Kiyoshi Tsuru, President of the CONCAMIN Commission of the Mexican Association for the Protection of Intellectual Property (AMPPI), warned about where this kind of logic could lead.

📢 “Saying that video games are violent simply because of their classification worries us,” Tsuru said. “We’re telling stories, proposing worlds. Trying to collect 183 million pesos, just 0.002% of the federal budget, while stigmatizing an entire industry that we’re still building, makes no sense. We want to propose, not discourage. This approach risks turning into censorship. Today, it’s video games, and we already have restrictions in music. Tomorrow, it’ll be films, maybe even books. When you start labeling content as ‘sinful’ and taxing it like tobacco or alcohol, you’re morally condemning creativity itself.”
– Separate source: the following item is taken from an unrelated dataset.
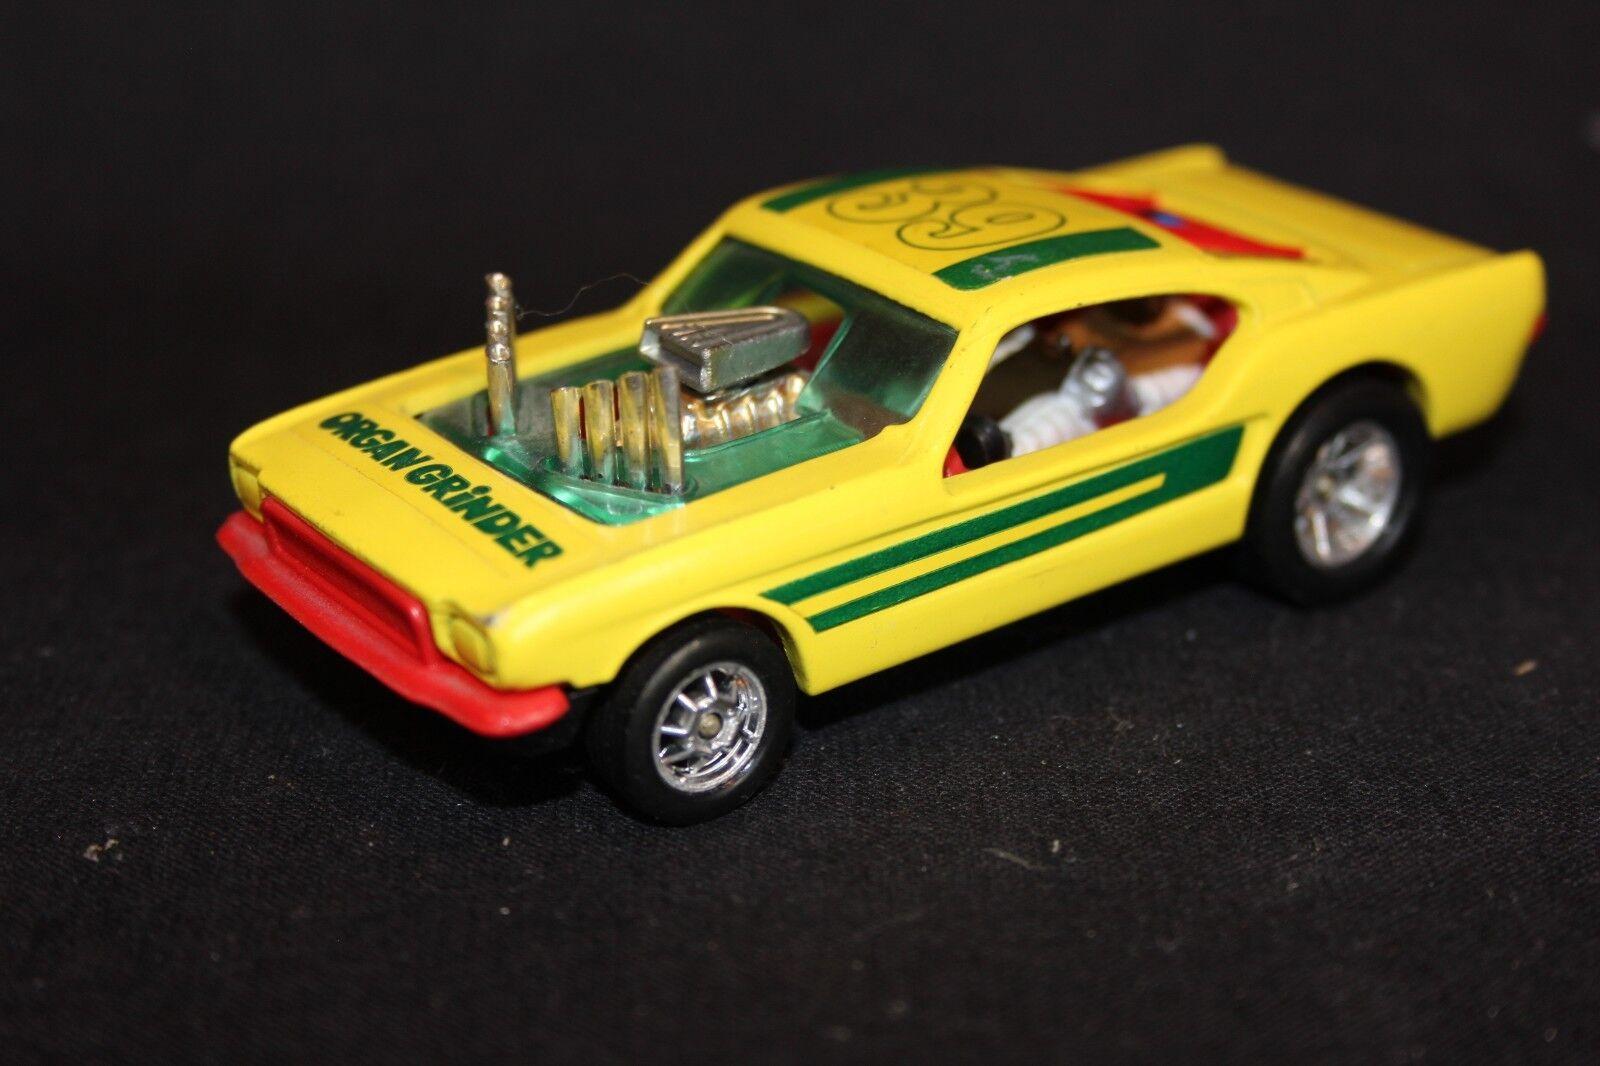 el mas reciente Corgi Juguetes Ford Mustang Dragster  Organ Grinder  1 1 1 43  39  estar en gran demanda
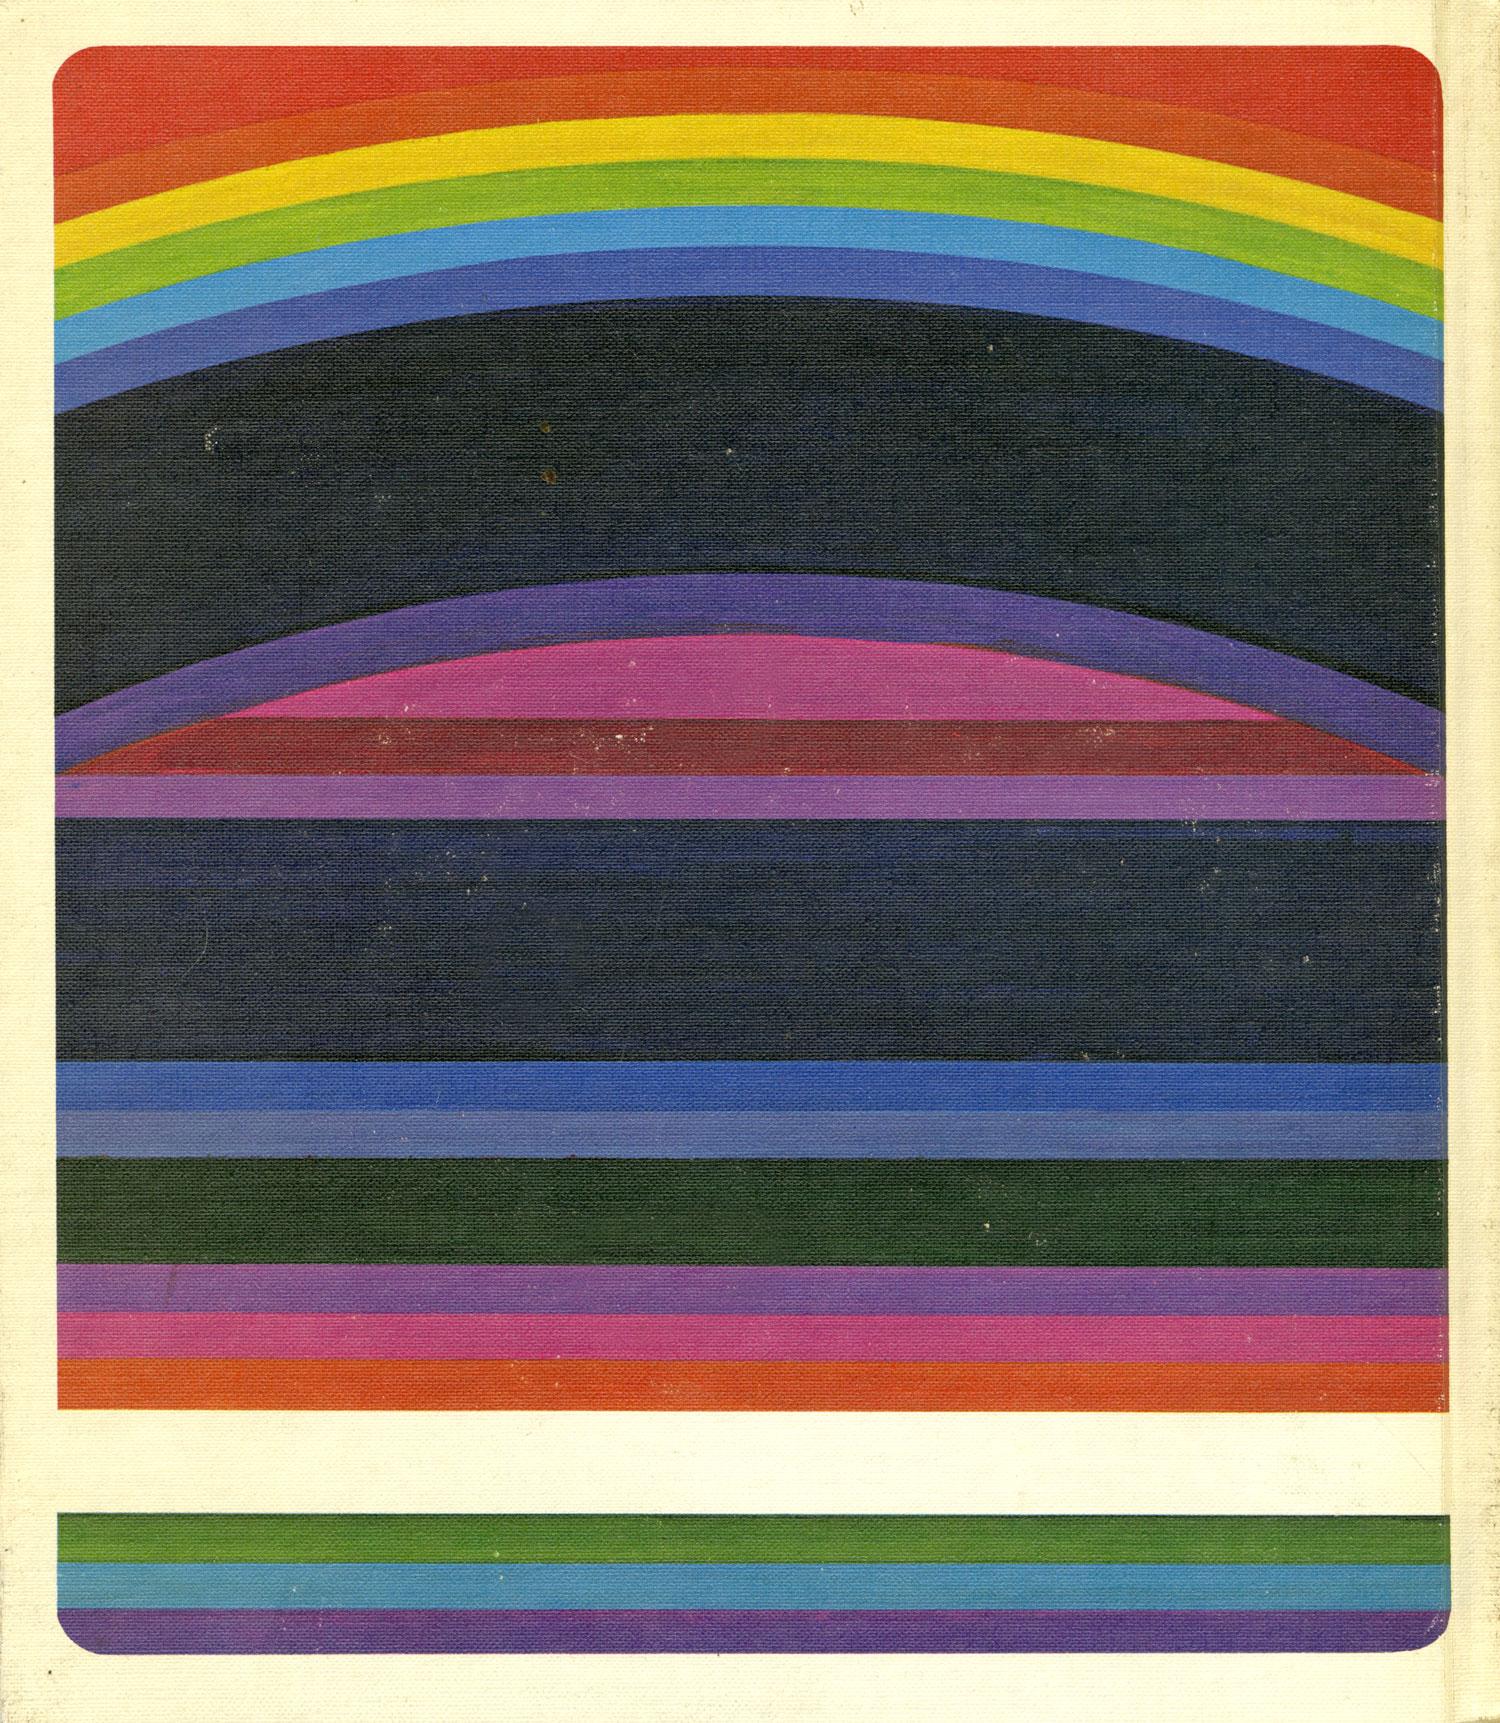 rainbows-jollybeans-back.jpg

🦊 Kiki: “So creativity’s officially a vice now. Great. Guess I’ll file my next article under ‘sin tax.’” 🍪 Chip hides under the desk, with a sign that says: “Protect the cookies.”


Reality Check: A Grain of Salt, Not a Revolution

Gamacon 2025 was a good event. Not perfect, not revolutionary, but a meaningful contribution to a scene that still needs more of them. It connected people who rarely get the chance to talk. It showed that government interest is possible, that international partners care, and that local studios can show up and be taken seriously.

This event adds its grain of salt to the slow process of building an industry with real weight. Mexico doesn’t need one miracle event. It needs ten more like this — and a government that listens between them.

🦊 Kiki: “Not every patch fixes the meta. Some just prove the devs are still updating.” 🍪 Chip nods, drops his grain of salt on the table, and calls it a win.


Stay curious, like all the speakers. Keep pitching, like Joel Nelson and the indies who showed up with a deck and a dream. And remember — real progress in Mexico’s game industry isn’t built overnight; it’s built one conversation, one event, and one grain of salt at a time.